> _Task details_
From the first line to the last, print the material exactly, skipping the pictures.

> _Dataset excerpt_

[Start of Attachment]

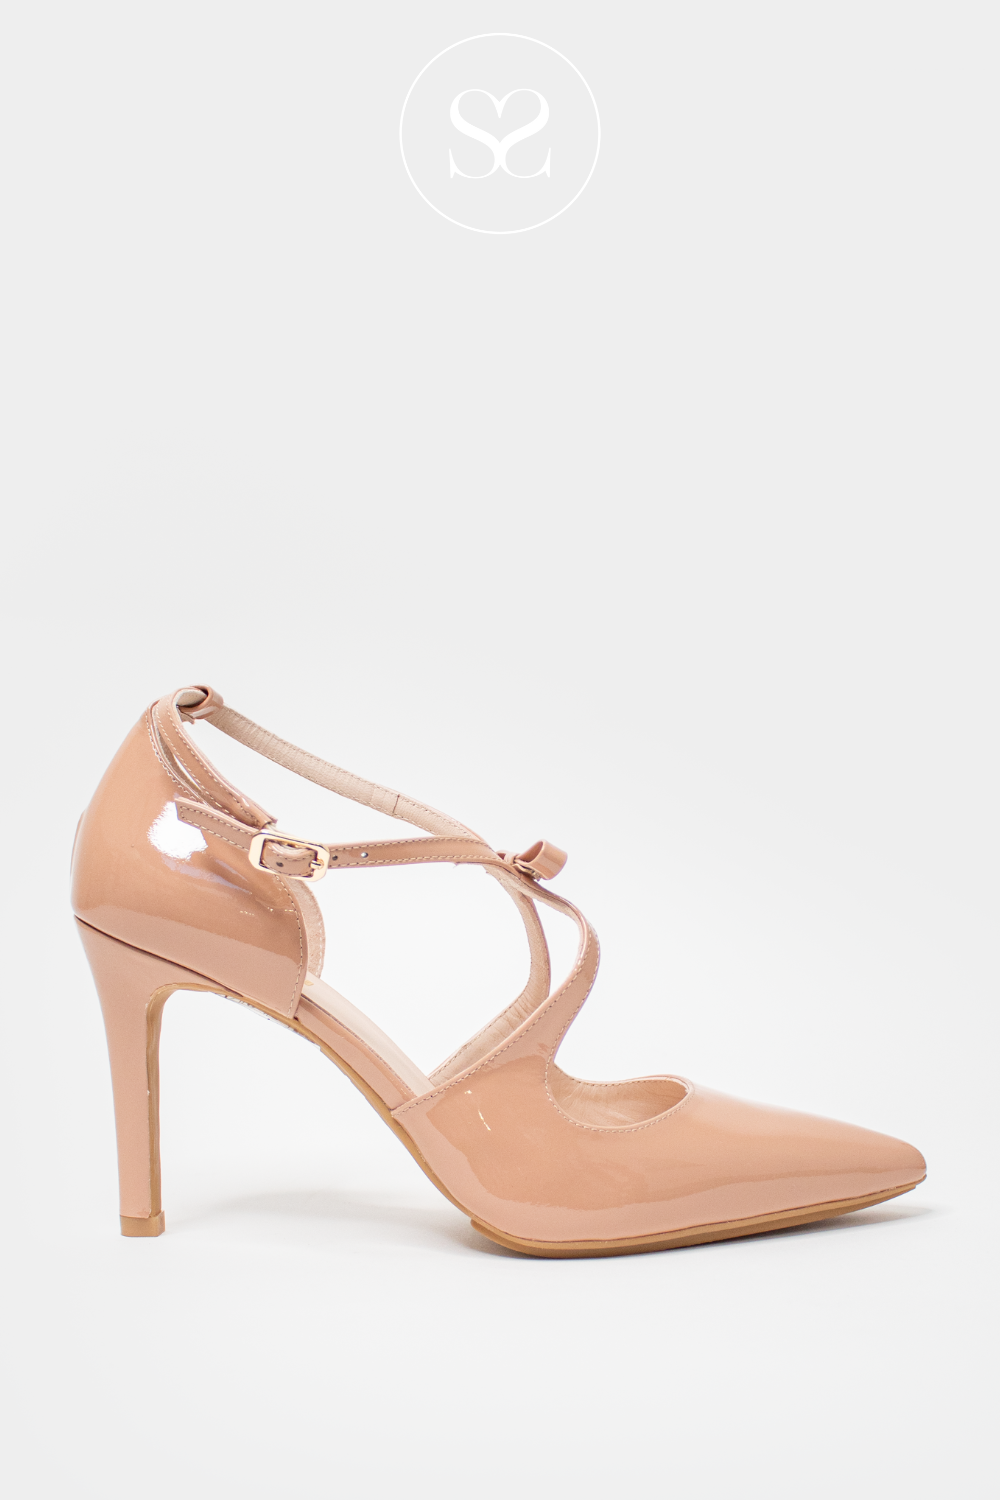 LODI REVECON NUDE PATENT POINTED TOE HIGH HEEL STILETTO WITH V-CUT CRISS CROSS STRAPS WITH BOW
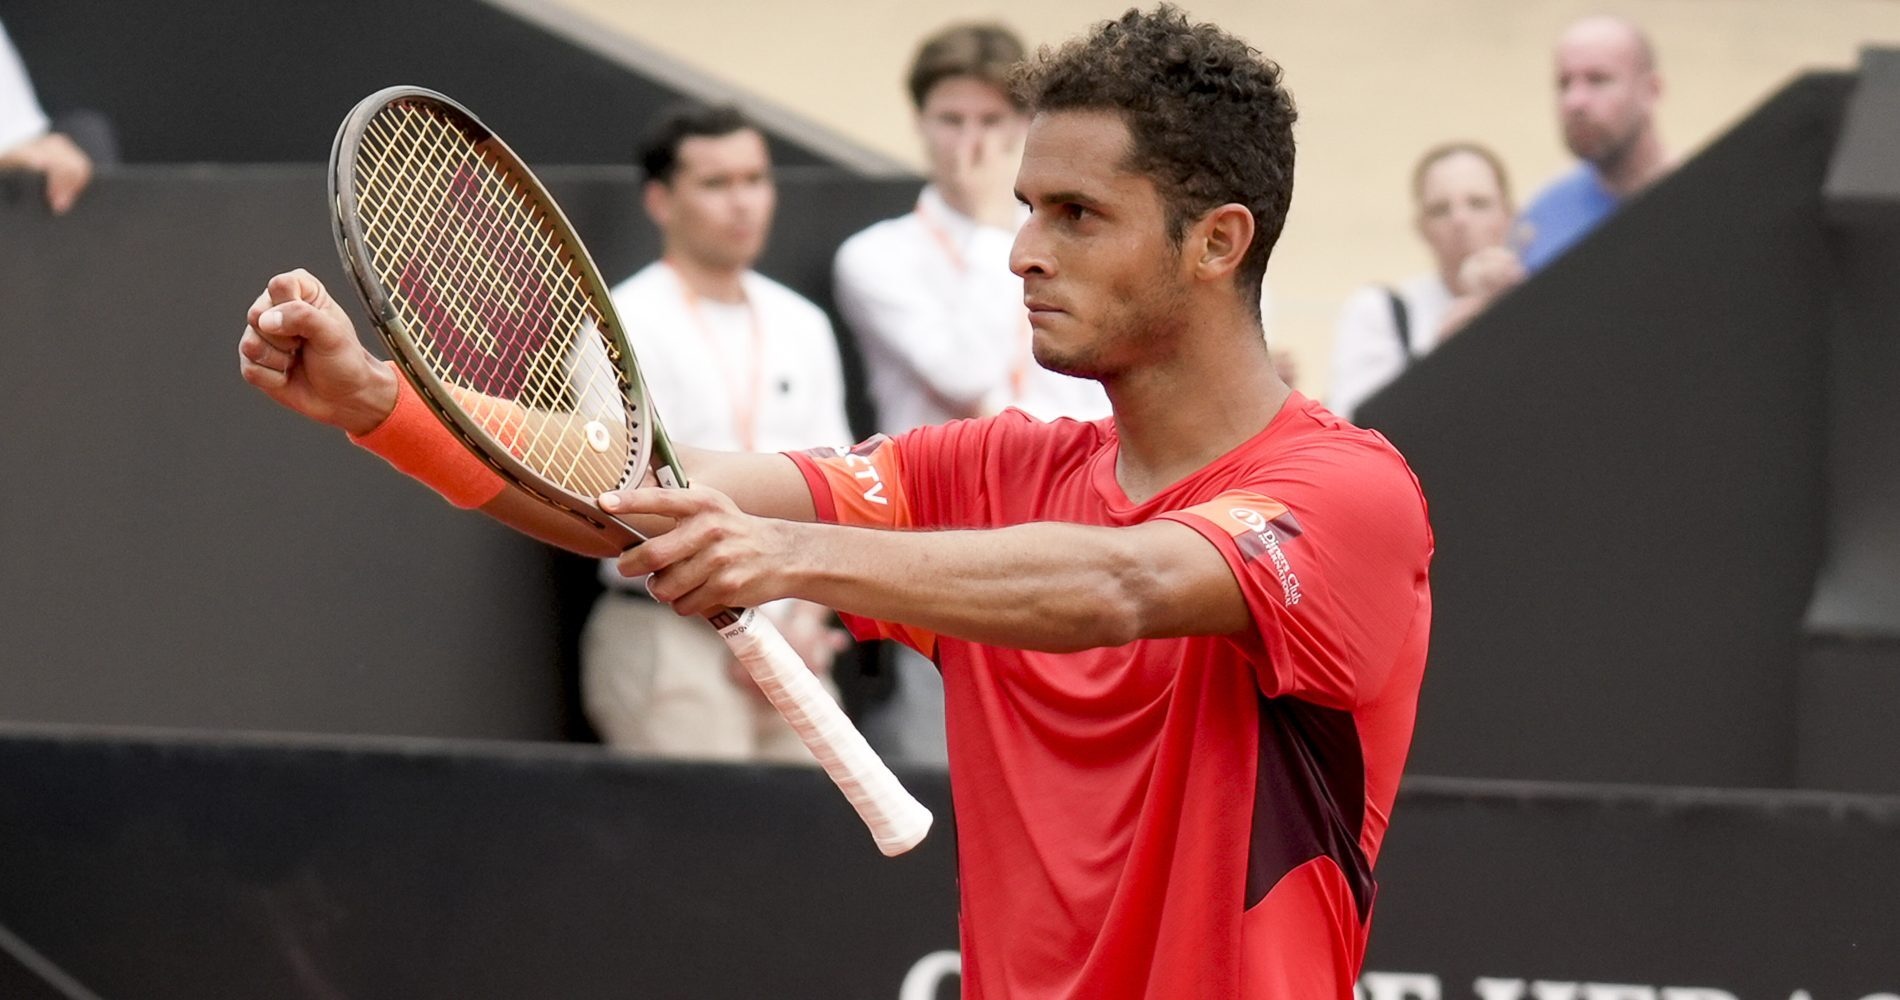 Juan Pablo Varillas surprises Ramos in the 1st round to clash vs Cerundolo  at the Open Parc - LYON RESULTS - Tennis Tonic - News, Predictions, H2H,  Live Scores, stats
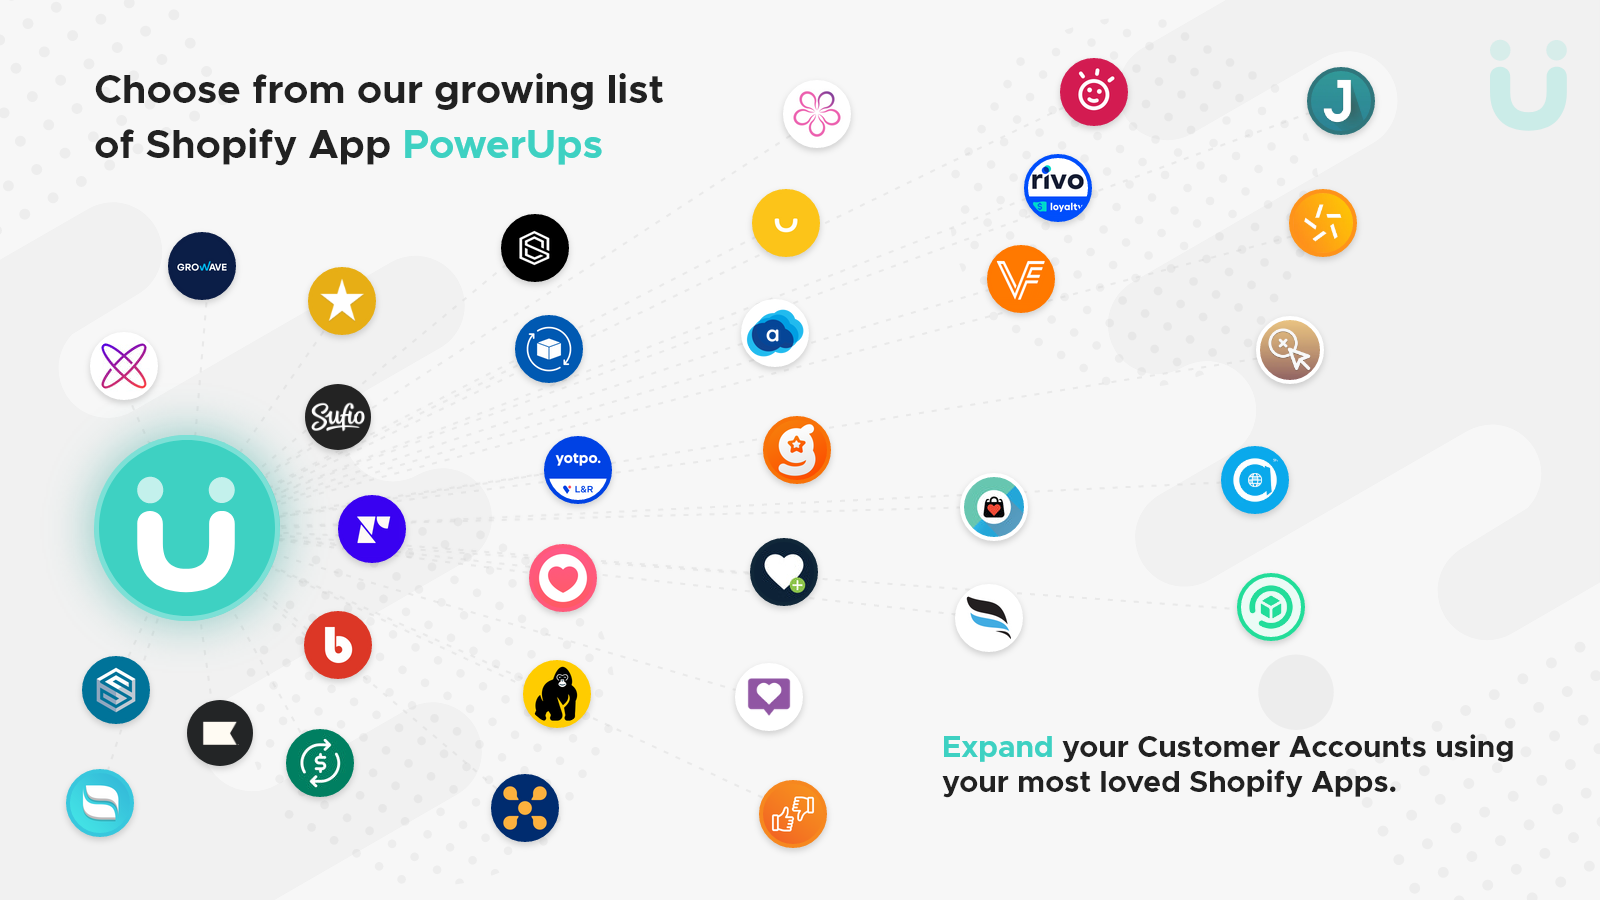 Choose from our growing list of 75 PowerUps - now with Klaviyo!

[End of Attachment]

> _Written answer_
 LODI REVECON NUDE PATENT POINTED TOE HIGH HEEL STILETTO WITH V-CUT CRISS CROSS STRAPS WITH BOW
 Juan Pablo Varillas surprises Ramos in the 1st round to clash vs Cerundolo  at the Open Parc - LYON RESULTS - Tennis Tonic - News, Predictions, H2H,  Live Scores, stats
 Choose from our growing list of 75 PowerUps - now with Klaviyo!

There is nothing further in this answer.